The Turf Classic Stakes is a Grade I American thoroughbred horse race for open to horses aged four and older, over a distance of one and one-eighth miles, on the turf held annually in early May on the Kentucky Derby day meeting at Churchill Downs in Louisville, Kentucky during the spring meeting.

History
This race was inaugurated on 1 May 1987 as the Early Times Turf Classic Stakes and was the first stakes race run on the new Matt Winn Turf Course. The event was won by the reigning US Champion Male Turf Horse Manila, his eighth straight victory by three lengths as the short 2-5 odds-on favorite in a small field of four starters.

The event was classified as Grade III in 1989 for its third running, upgraded to Grade II in 1994 and since 1996 a Grade I.

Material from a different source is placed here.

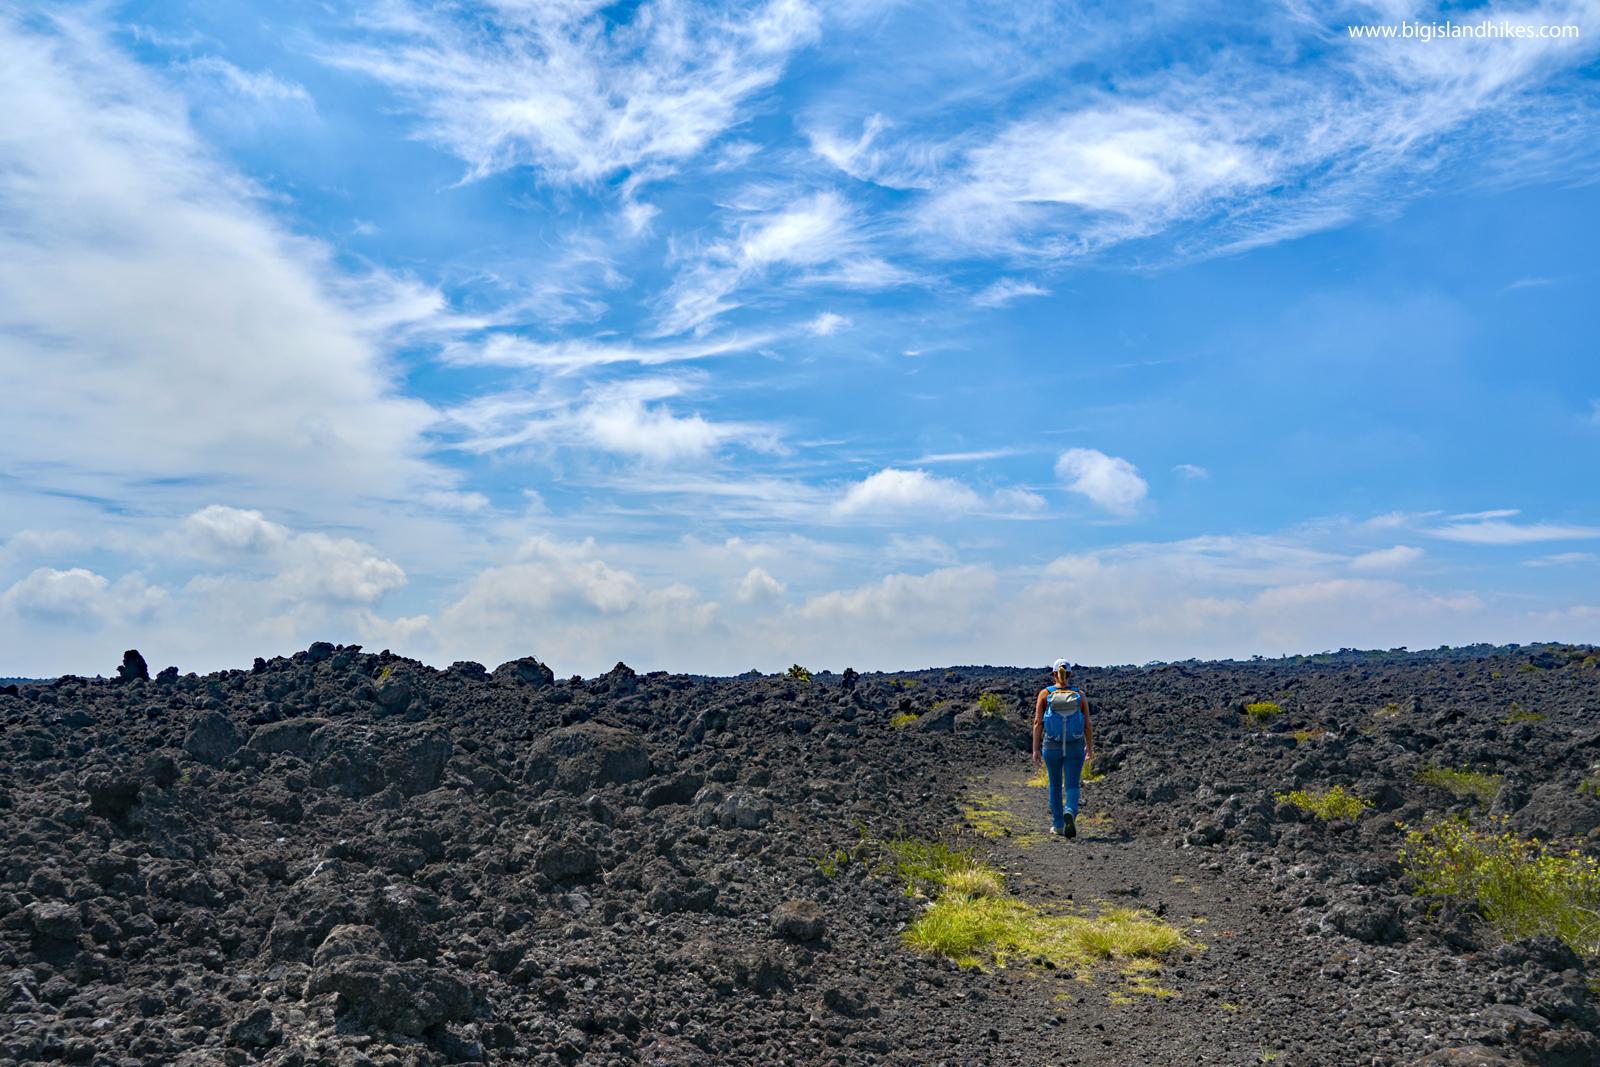 Hiking through lava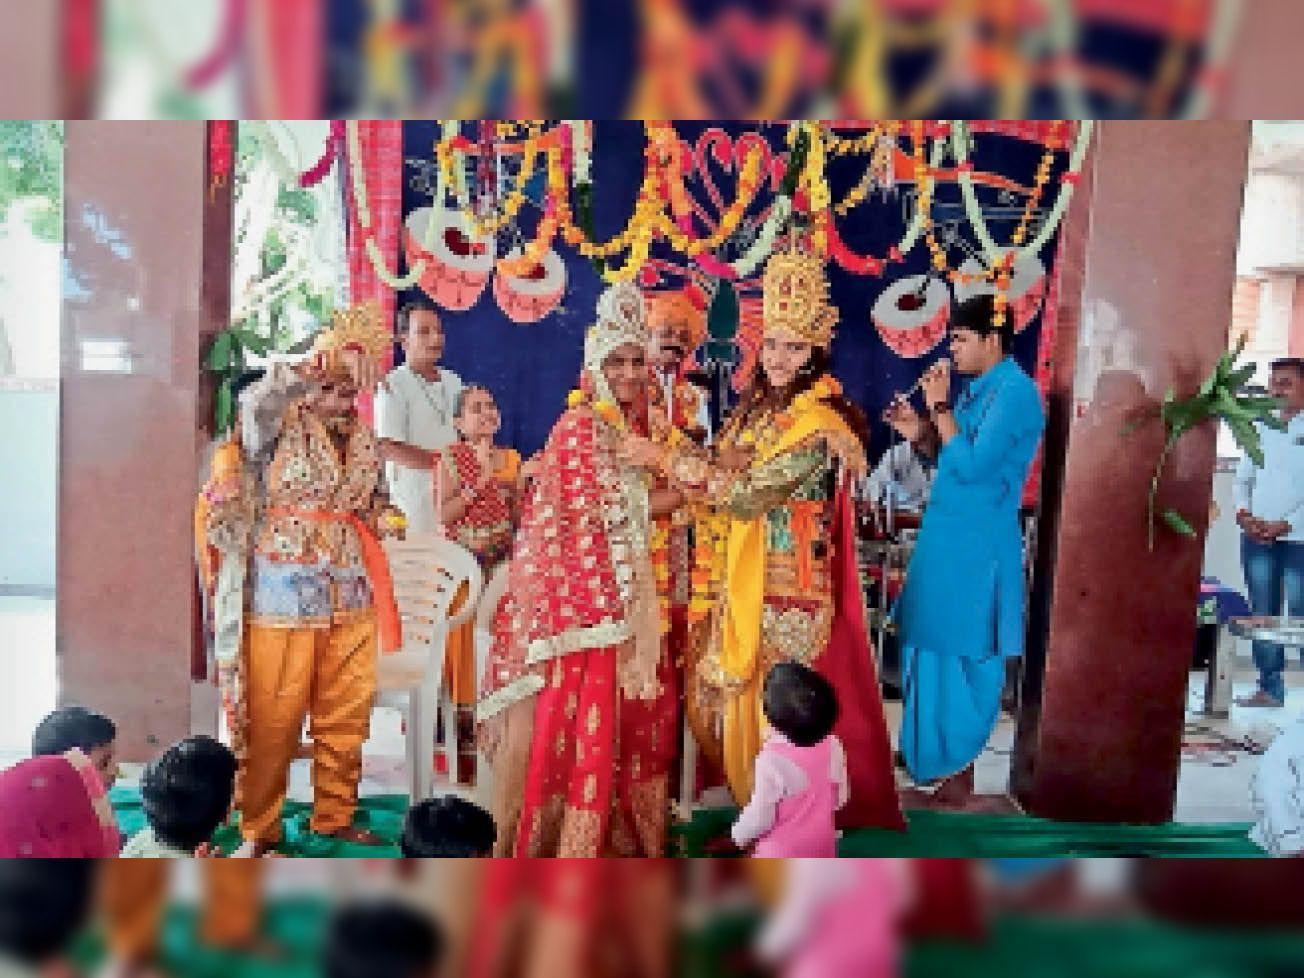 कृष्ण-रुक्मिणी विवाह प्रसंग की प्रस्तुति देते हुए कलाकार। - Dainik Bhaskar

The event has had three sponsor name changes which have contributed to the high purse and growth is status of the event. The sponsorship has been by the Brown-Forman Corporation, one of the largest North American-owned companies in the spirits and wine business which is based in Louisville. The sponsorship has been reflected in the name of the event since the first running. Early Times, from 1987 to 1999, Woodford Reserve, from 2000 to 2017 and since 2018 Old Forester.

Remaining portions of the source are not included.